Je me suis refusé à voir cette vidéo (comme celle de Saddham Hussein et, par extension, toutes celles qui participent de la logique impériale de mise en scène et de trivialisation de la barbarie).
Il y a, évidemment, le problème du voyeurisme, mais surtout, je ne suis pas assez naïf pour me croire intellectuellement immunisé contre les effets toujours potentiellement corrupteurs de ce genre de représentation.
Le premier stade de la propagande consistant souvent à faire croire à celui qui en est l’objet qu’il demeure par ailleurs, et en toutes circonstances, un être libre, conscient, souverain dans sa pensée et dans ses opinions, je me méfie de ces images qui sont toujours associées à une forte suggestibilité, de nature inconsciente. Quoique l’on pense, il est difficile de refouler le spectacle pénible - et l’enseignement qui en découle - d’un adversaire politique humilié publiquement et émasculé (et pas de manière purement symbolique, à ce que j’ai compris).
N’importe quel type dont la vie se répartit de façon millimétrique autour d’un job salarié, dévoué à une fonction hautement spécialisée et abstraite, de l’achat d’un pavillon standard, avec, pour seule échappatoire annuelle, la perspective de la quinzaine passée sur les sables chauds de la Méditerranée ou d’un pays pauvre, se jugera pourtant dans 90% des cas libre et autonome en son âme et conscience : pire, il reconnaîtra dans son état de dépendance absolue le summum de la vie civilisée et individuelle.
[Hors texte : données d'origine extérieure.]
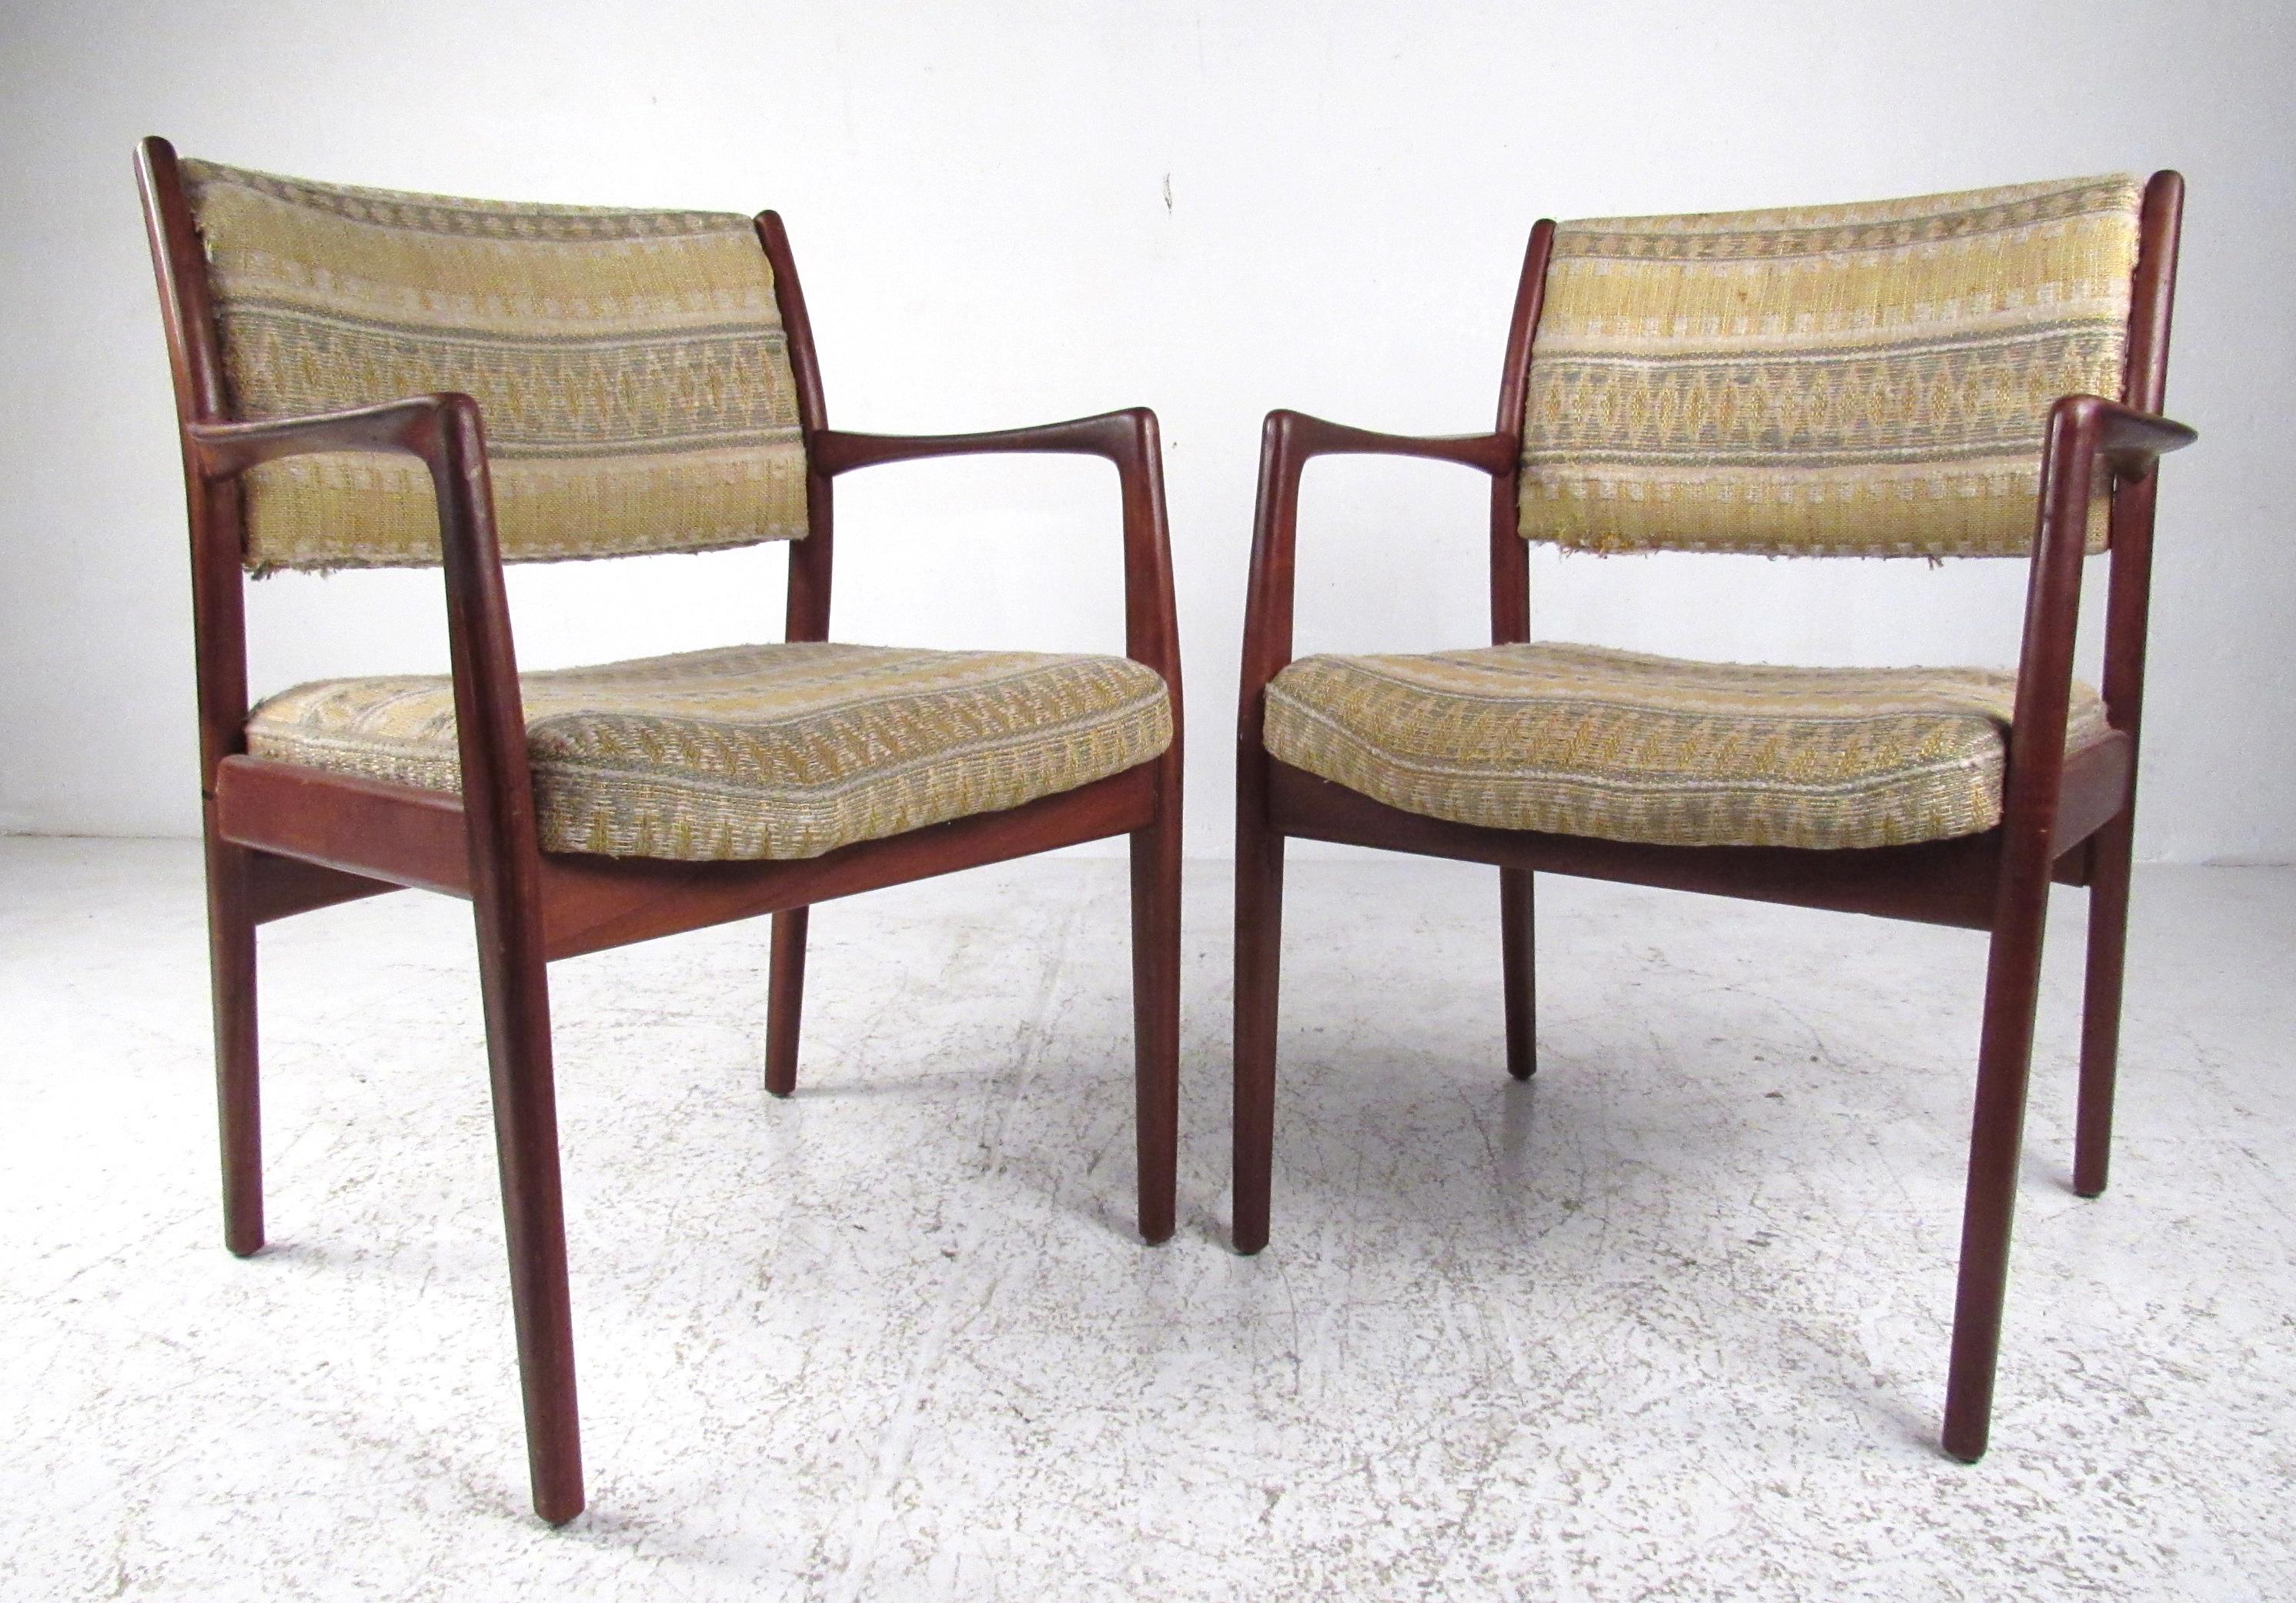 Classic pair of Danish style midcentury teak armchairs ideal for any home or office environment. Featuring sculpted arms with a thick upholstered seat and back, these chairs are both comfortable and stylish and will compliment any seating

Donc, je ne crois plus tellement à une propagande ouvertement dominatrice et bureaucratique à la Orwell, dont le paradigme ne correspond plus vraiment à mon sens à la réalité de la domination contemporaine, beaucoup plus subjectiviste et que préfigurait parfaitement les oeuvres visionnaires de Philip K Dick (auteur qui à mon avis devrait être intégré à tout corpus de lecture anti-impérial... mais surtout pas les films tirés de son oeuvre)
De plus tout cela rappelle les pratiques d’un autre Imperium. Les Romains avaient en effet pour habitude d’exhiber leurs ennemis vaincus à travers des mises en scènes humiliantes, ou de crucifier les ennemis de l’intérieur (rebelles, spartakistes) au bord des voies routières, pour l’édification publique.